Если Уля освоила еще одну профессию – модистки, то Ирина голову себе такой чепухой, как мода, не занимала. Она вся была в чувствах. Но  у  нее был врожденный вкус, и Уля сильно ошибалась, думая о ней как о моднице. Из того, что ей предлагали мама с Танькой, она выбирала безошибочно –  лучшее.
                Наверное, Ирина родилась исключительно для любви – к другим, и  потому вся ее чувственность выражалась в постоянном состоянии влюбленности.  Ее сердце никогда не пустовало, а неразрешимые  «вечные» проблемы лишь поддерживали интеллект в  хорошей форме. И все  не совсем удачные поиски идеального предмета для любви не отражались на главном –крепком стержне личности. Словом, она была цельной натурой, которую пока никто еще не пытался сломать.
                Ирина и не подозревала, что вскоре перейдет тот рубеж, за которым на нее обрушатся самые разнообразные испытания, словно Судьба опомнилась: «Что я делаю?! Девчонка-то совсем необстрелянная! К настоящей жизни не готовая!»
                Первые два месяца ее замужества можно было считать удачными.
                – Помни, первое время – самое трудное. Вы будете притираться друг к другу. Надо потерпеть, доця. Ты же плохо знаешь Павлика, – сказала ей мама перед походом в загс.
                – Мам, ты что? Я всю жизнь его знаю! Он очень хороший человек!
                – Дай-то Бог...
                – Ты сомневаешься?
                – Ирочка, ты у меня все-таки ребенок. Одно дело ухаживать, другое – жить с человеком.
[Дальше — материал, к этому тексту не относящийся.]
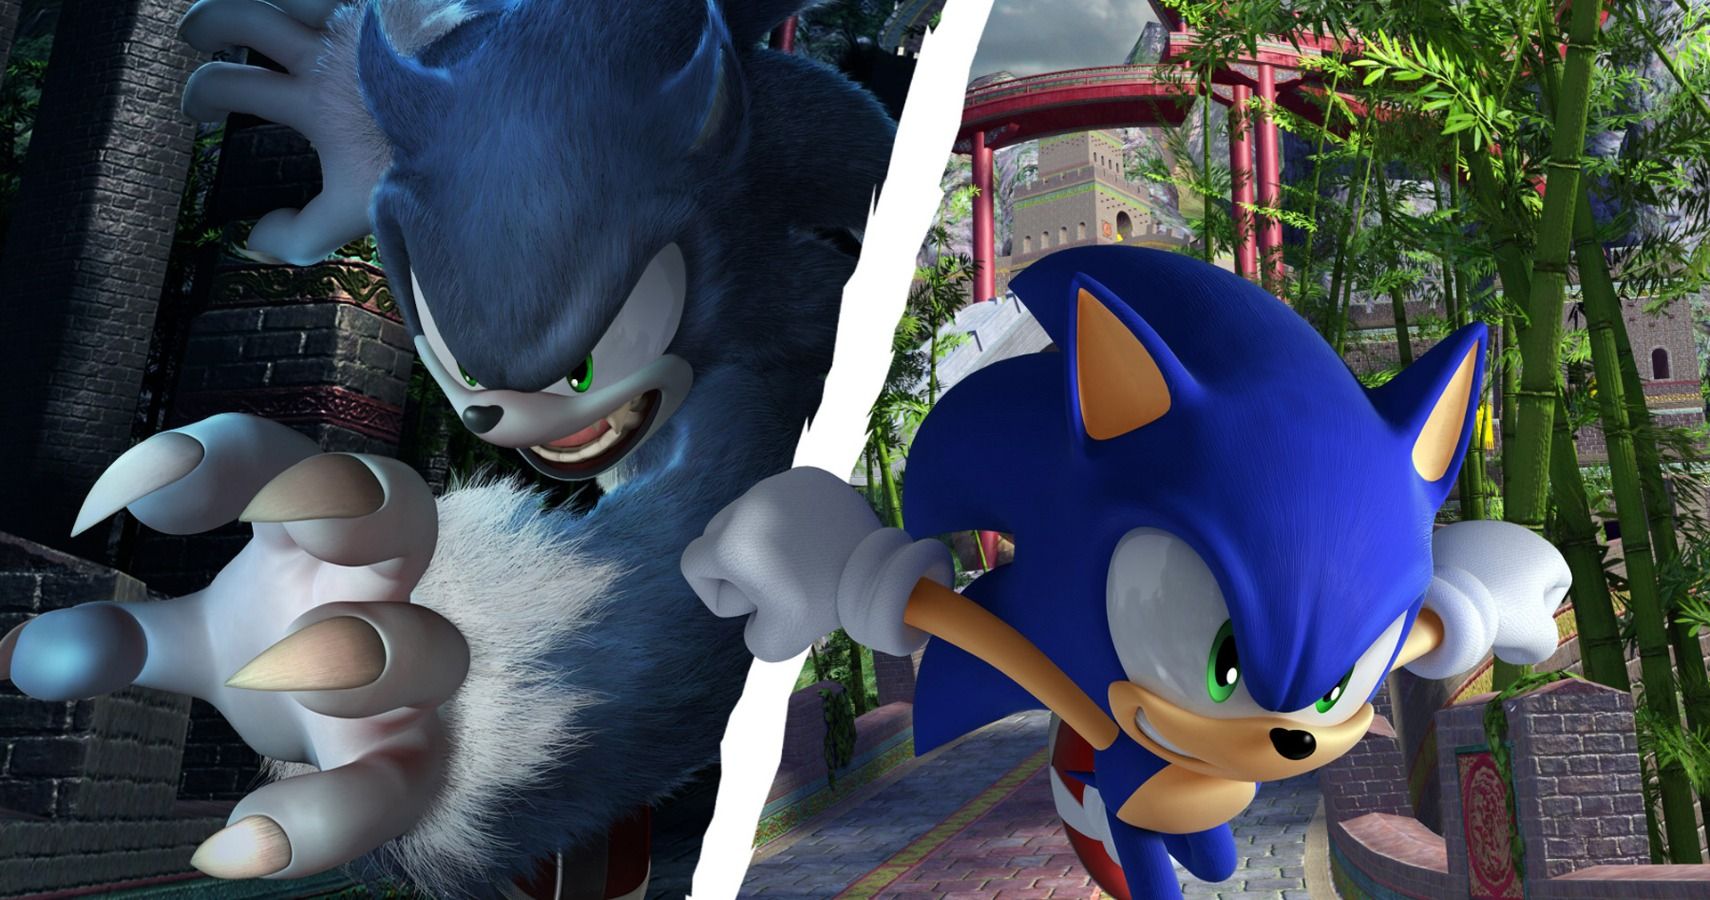 sonic unleashed ps2 release date

Ты не знаешь его привычек, вкусов, ты...
                – Зато он меня любит.
                В общем, мама говорила банальные вещи. Все мамы так говорят. Но вот Татьяна ее убила своими напутствиями:
                – Держись, подруга! Твой Павка – темная лошадка! Может еще такой характерец показать, что сбежишь от него назад к мамочке.
                – Та-анька, бессовестная, кто меня сватал за него?! Чья была идея? А теперь каркаешь тут?! – прямо заорала Ирина на подругу.
                Таня засмеялась:
                – Шучу, шучу! Но лучше подготовиться к худшему, чем слюни распускать.
                Два месяца вполне приличной совместной жизни заставили Ирину забыть о маминых и Танькиных «карканьях».  Под влюбленным взглядом свекрови они утром завтракали, потом разбегались по институтам, а после занятий встречались, чтобы пообедать в кафешке. По дешевке, конечно. Им нравилось это проявление самостоятельности. Хотим – в кафе посидим, не все же мамины борщи хлебать! Есть и более изысканные блюда, хотя бы котлеты по-киевски. С зеленым горошком и красиво нарезанными овощами по бокам. А на закуску мороженое в вазочках с шоколадной крошкой сверху. Стипендия от этих  визитов в кафе немного страдала, но ничего...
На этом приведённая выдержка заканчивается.